Lake Tashk (دریاچۀ طشک) is a salt lake in Fars province, southern Iran. The lake lies about 160 km east of Shiraz and 10 km west of the town of Abadeh Tashk.

== Registration in the Ramsar Convention List ==
Bakhtegan and Tashk Lakes and Wetlands (BTL) were registered in the Ramsar Convention List in 1975 and became a national park in 1995.

== Environmental conditions ==

=== Biodiversity ===
More than 23 species of fish, 86 species of mammals, 218 species of birds, and 30 species of reptiles have been recorded in this national park. The area is of great importance for breeding and wintering waterfowl of various species, including the marbled duck.These lakes have a high habitat diversity and are considered to be among the best aquatic ecosystems in Iran.

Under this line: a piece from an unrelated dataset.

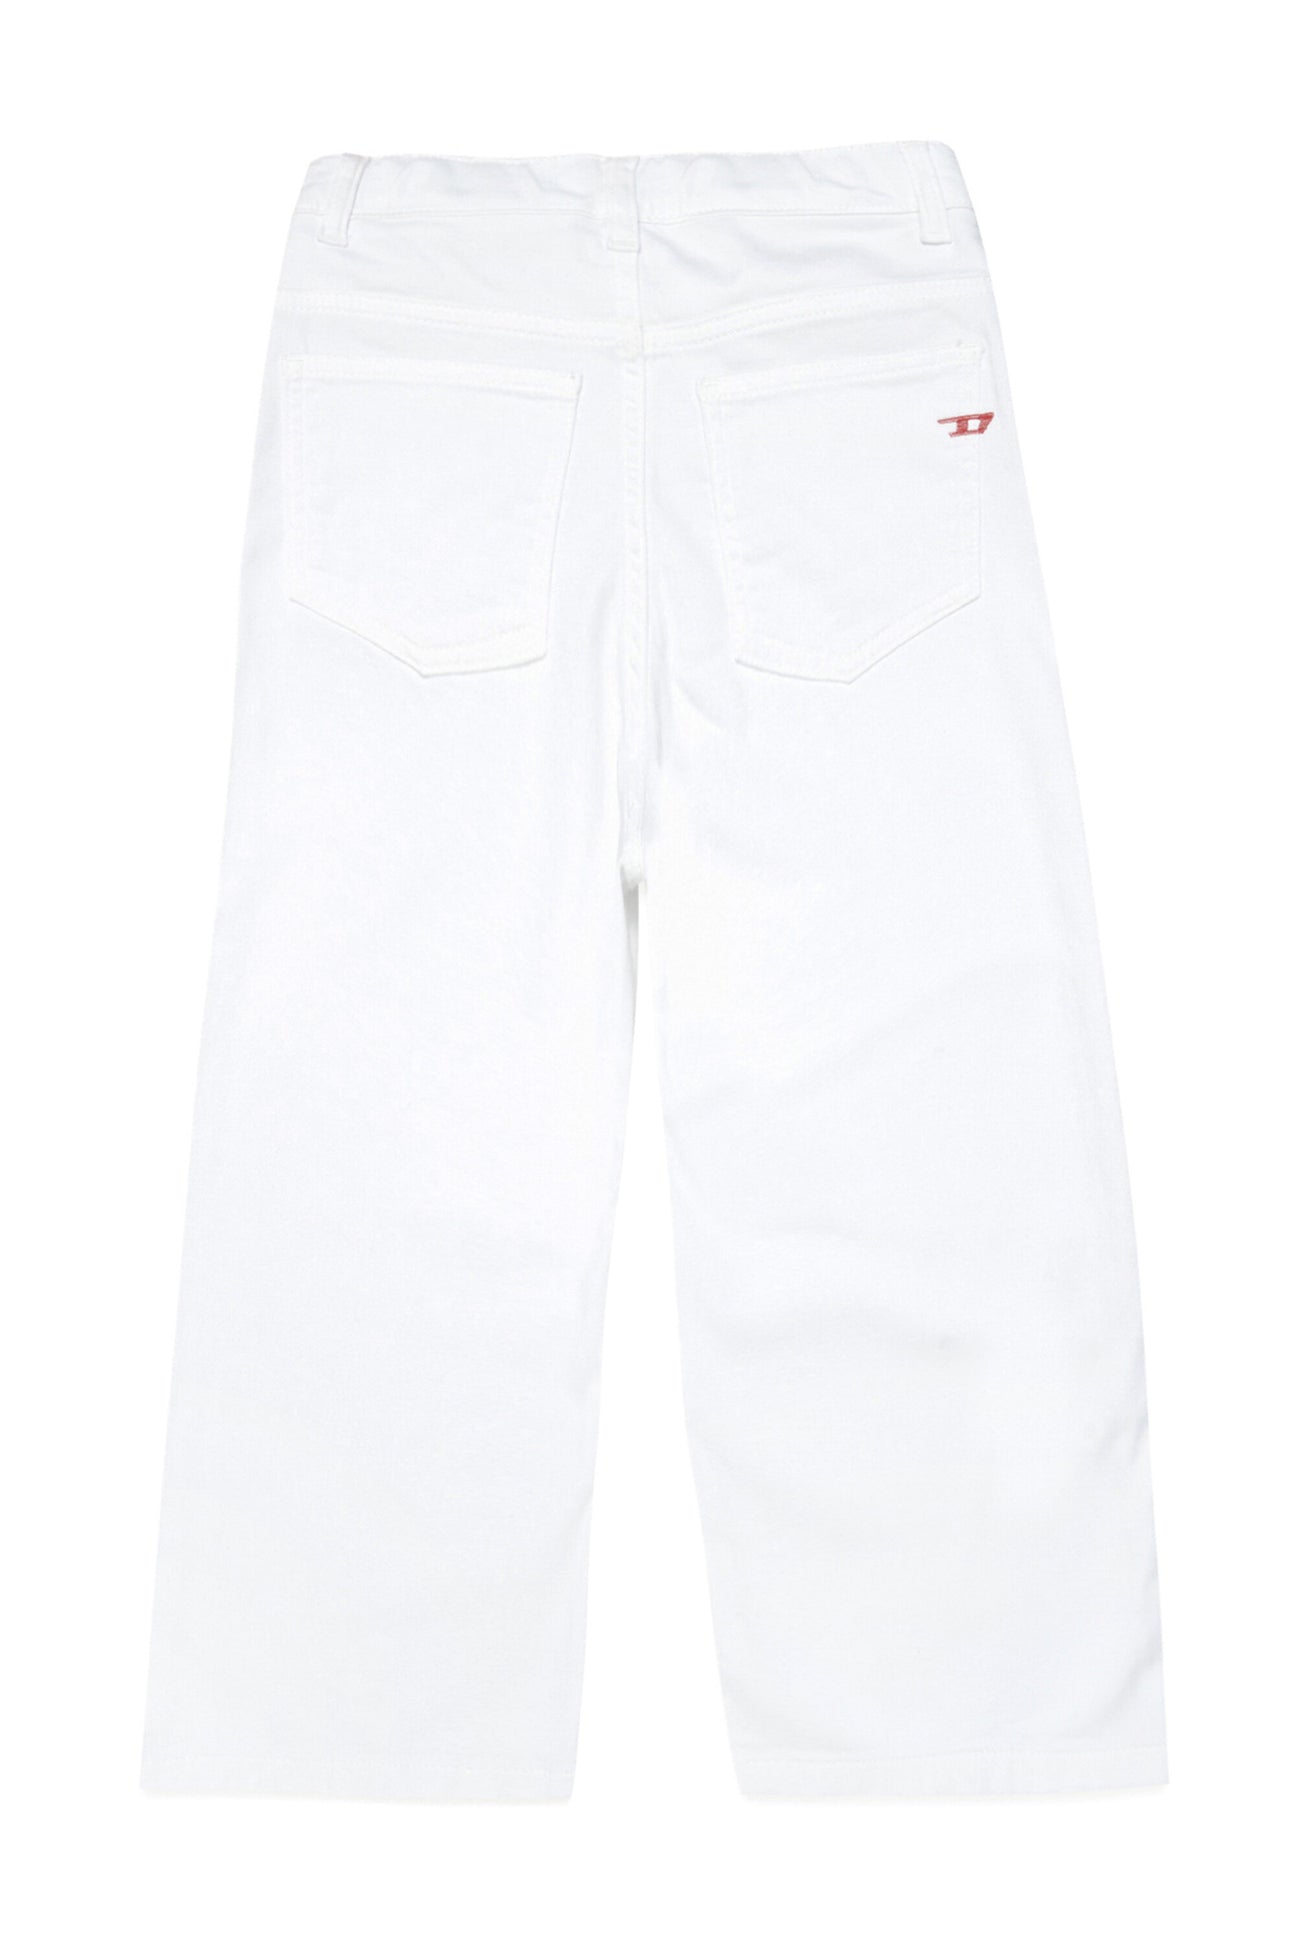 JoggJeans® 2000 Flare mid-rise white JoggJeans® 2000 Flare mid-rise white
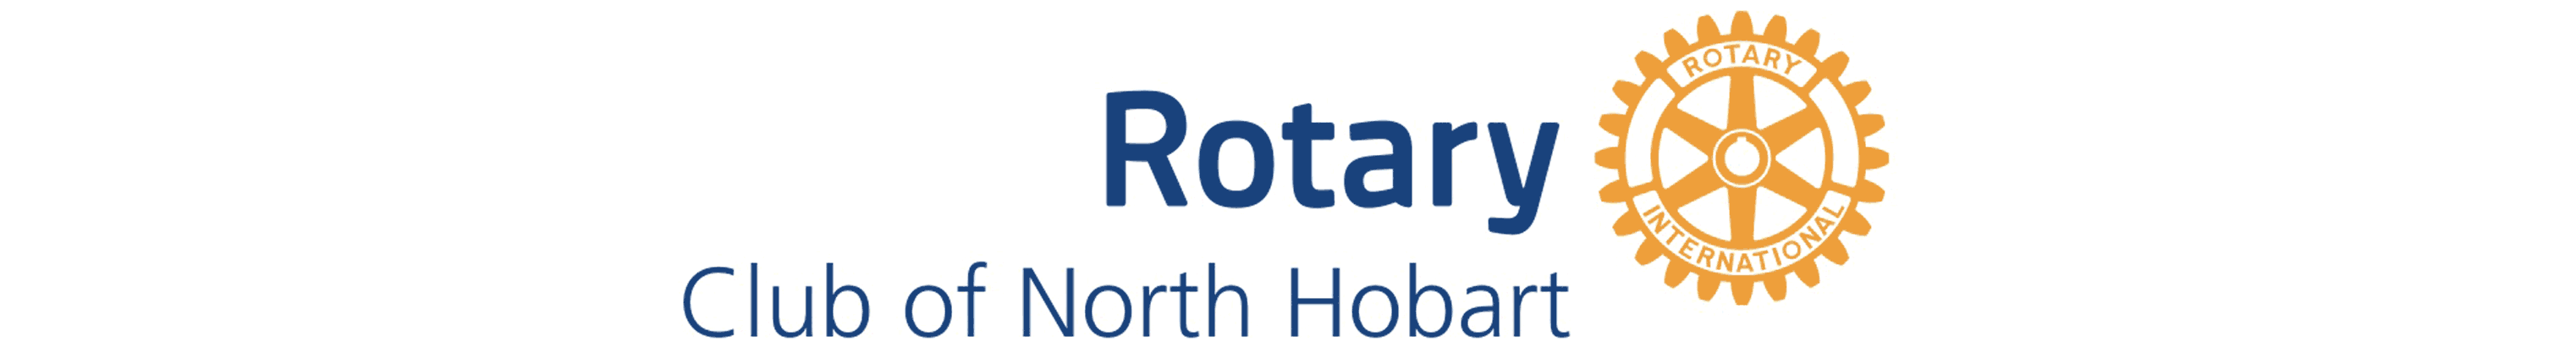 Rotary Club of North Hobart

Also, due to the reserves needed by aquatic animals, they are a good place for wintering, egg-laying and reproduction of migratory birds.

== Watershed and challenges ==
Only the Kor and Sivand rivers are permanent rivers that flow in some parts of the basin and provide part of the water needs. Factors such as the rate of evaporation, geological location, and the presence of two salt lakes have caused a decrease in water quality, especially in the south of the basin. On the other hand, groundwater is the main source of water supply for various uses such as agriculture, industry and drinking. Excessive water withdrawal from the potential of groundwater aquifers has created critical conditions in a large part of the basin.